We looked at each other and shrugged. No one replied. We were sitting in the wolf
enclosures again. But this time, it wasn’t to kiss a wolf. Kent was teaching us how to make wolf
fur bracelets. A memento, since it was our last day here.
Upon hearing no answer, Kent shook his head. “Oh, come on!”
He was standing on top of a small boulder, facing our group, lined up and sitting on the
log rows like obedient children. Flash and Cephira, the two wolves, circled the boulder curiously,
embracing an ear scratch from Kent now and then. He gave a huff and said, “The answer is: just
physics! Repeat after me: Life is just physics!”
He hopped off the boulder, reached a hand down to pet Cephira, and grabbed a handful of
soft gray fluff.
“Alright everyone, look here. This is how the physics of making a bracelet work.” Kent
held up the clump of wolf wool and began to stretch it. Then he twisted it, keeping a tight grip on
the ends, until it became a long, clumpy, five-inch-long rope.
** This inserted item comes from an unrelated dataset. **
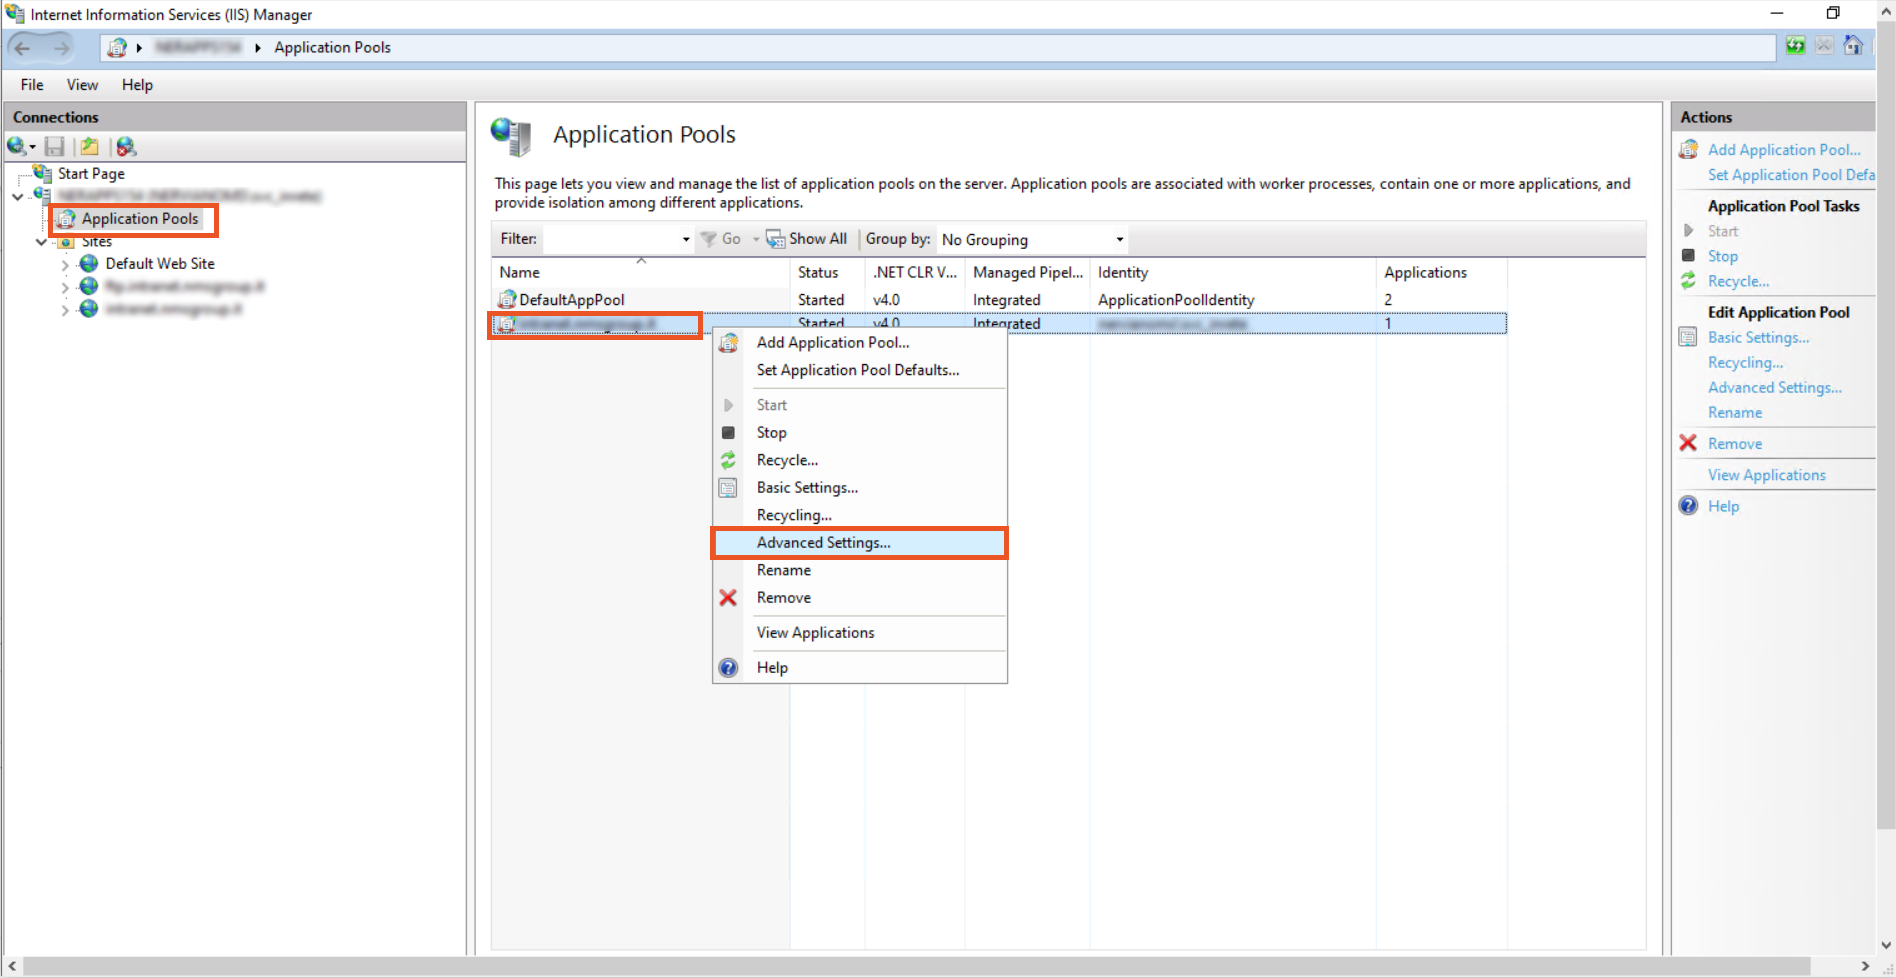 Windows Internet Information Service (IIS) manager application pool site advanced settings to enable Kerberos SSO

He shifted his hand down towards
the tip of the rope and pinched it, slowly drawing out the fur with his right hand in a more
precise manner, all the while twisting nonstop with his left. Soon, he had a meter-long piece of
compact twine stretching from end to end.
“So now you have this… thing. It’s got torsion, tension. What happens if you release one
end?” Kent let go of the right and the string snapped together like magnets, folding at the center
and twisting around the other half until Kent held a loose braid in his left hand. Quickly, he
knotted the loose ends together into a circular loop. A bracelet.
“And there you go,” he said, smirking at our astonished and eager faces, “Making a wolf
fur bracelet 101!”

***

The others needed to use the restroom one last time before we left Mission: Wolf for our
five hour drive back to Albuquerque, so I waited on the main cabin’s uppermost balcony for
them.
In the porch below, Arie and Trevor lounged on cushioned chairs while playing the guitar
and the drum respectively. Their music drifted far beyond the borders of Mission: Wolf, gliding
over the Colorado hills, fresh and budding with new grass, climbing up, beyond, and over the
highest mountain peaks, and flying off somewhere unknown, unexplored.
I closed my eyes and joined the music. Then, I was the one flying. I was the one
dominating the clear skies and lush pastures. When I opened my eyes, the world around me had
changed. It was a subtle change, as if a dimension of reality had revealed itself to me, but I
couldn’t quite pinpoint was was familiar and what was new.

Even hours later, as I sat in a crammed van, fingering my newly crafted wolf bracelet, I
could still hear the melody of Arie’s guitar soaring through the wind.